- _Source data_
****
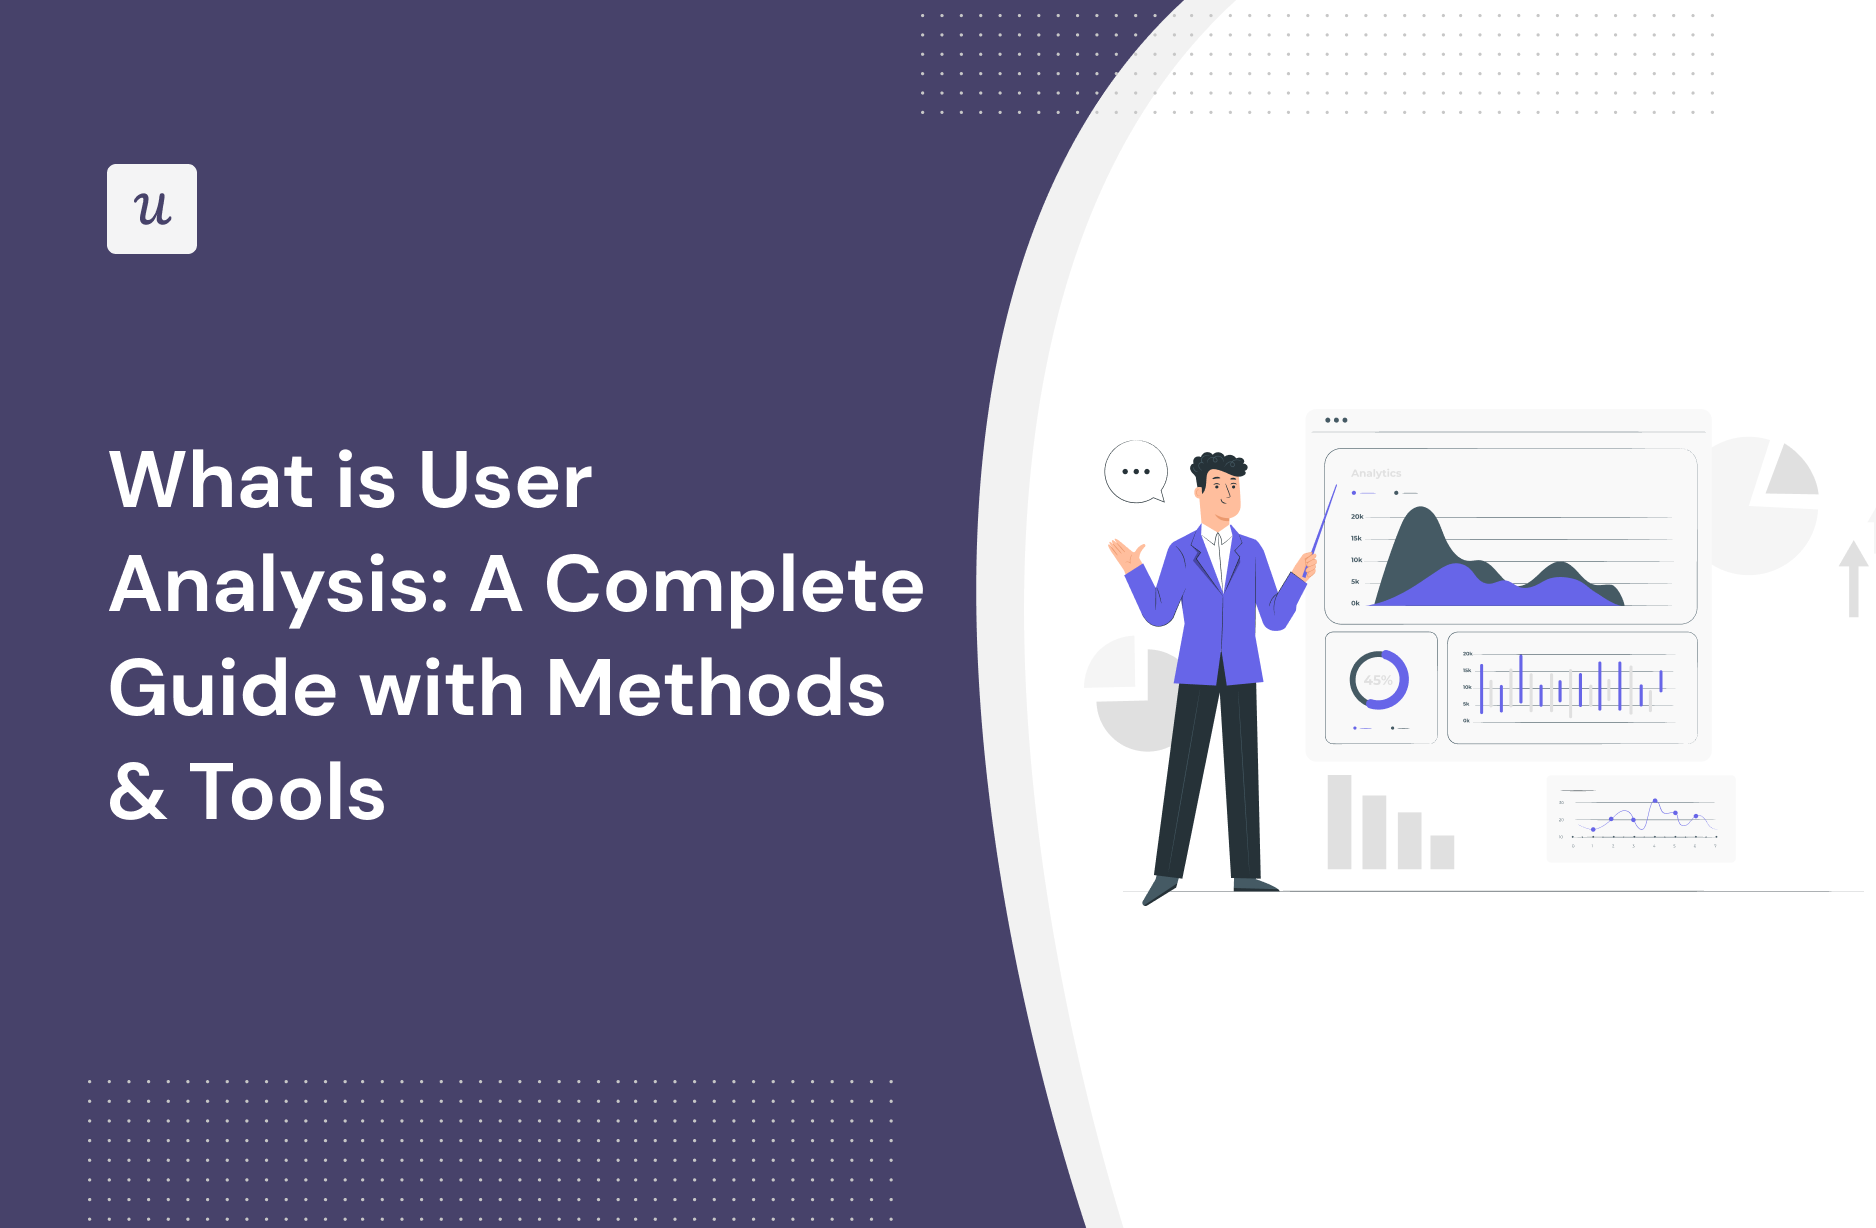 What is User Analysis: A Complete Guide with Methods & Tools
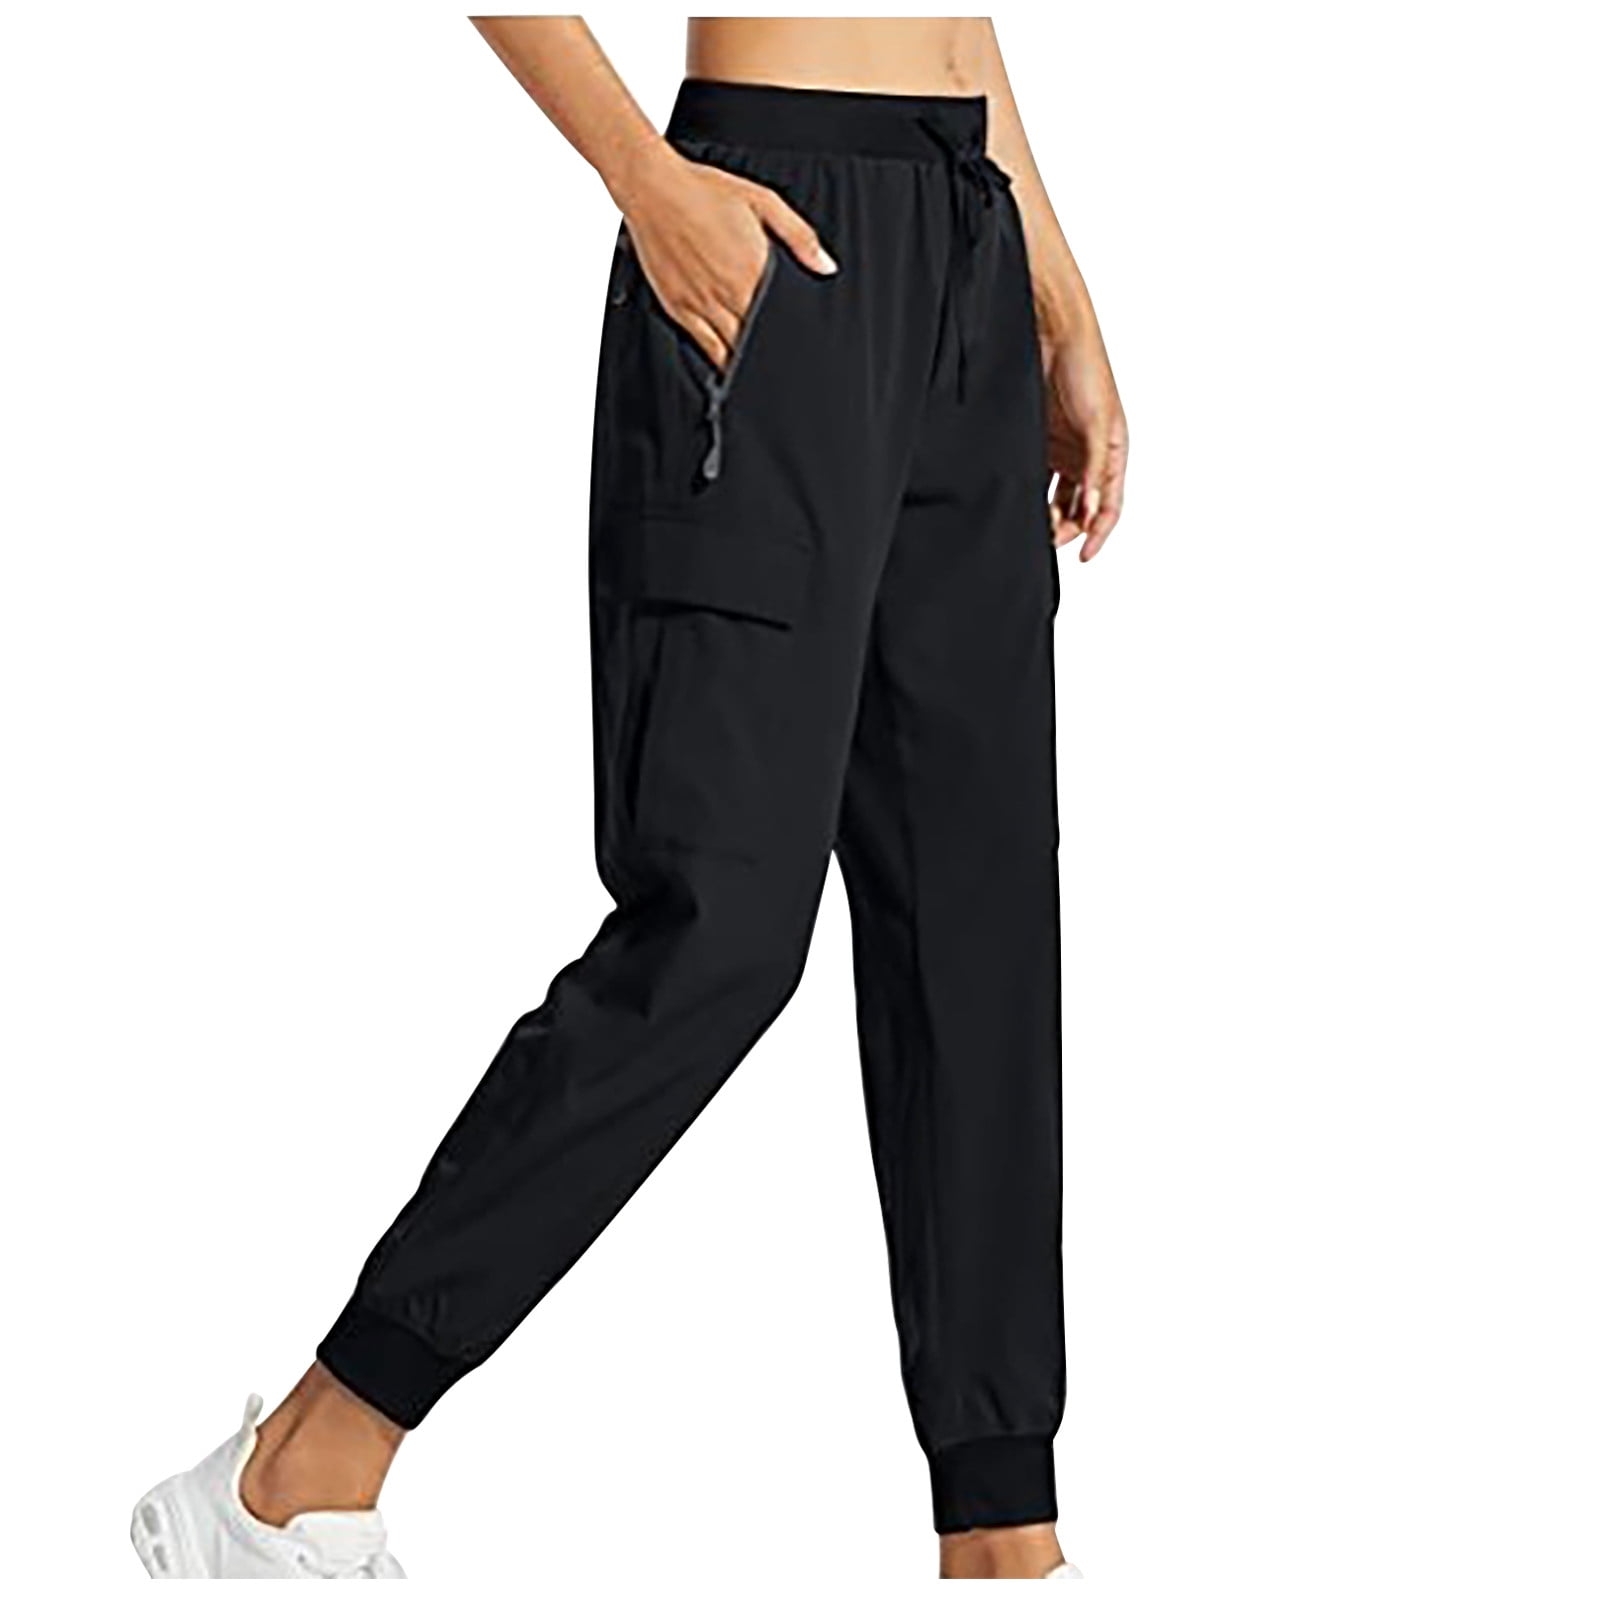 CRZ YOGA Womens Casual 7/8 Pants 25 - Lightweight Workout Outdoor Athletic  Track Travel Lounge Joggers Pockets 25'' Inseam Medium Black
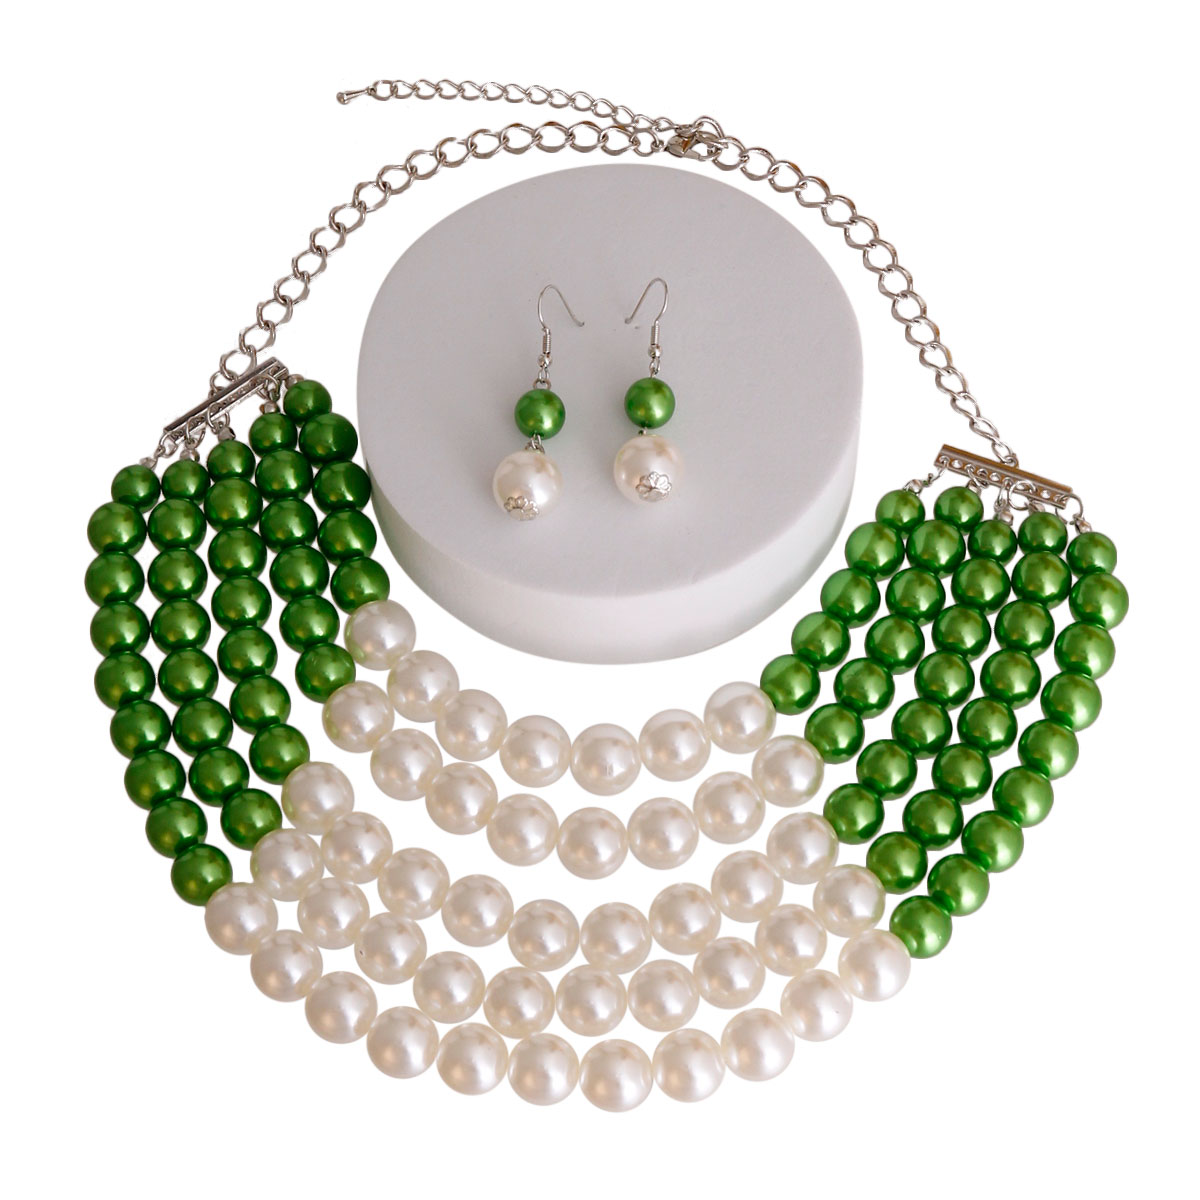 Green and Cream Pearl 5 Row Necklace
****
- _Required work_
An exact retyping of the material, minus the pictures, is the required answer.

- _Response box_
 What is User Analysis: A Complete Guide with Methods & Tools
 CRZ YOGA Womens Casual 7/8 Pants 25 - Lightweight Workout Outdoor Athletic  Track Travel Lounge Joggers Pockets 25'' Inseam Medium Black
 Green and Cream Pearl 5 Row Necklace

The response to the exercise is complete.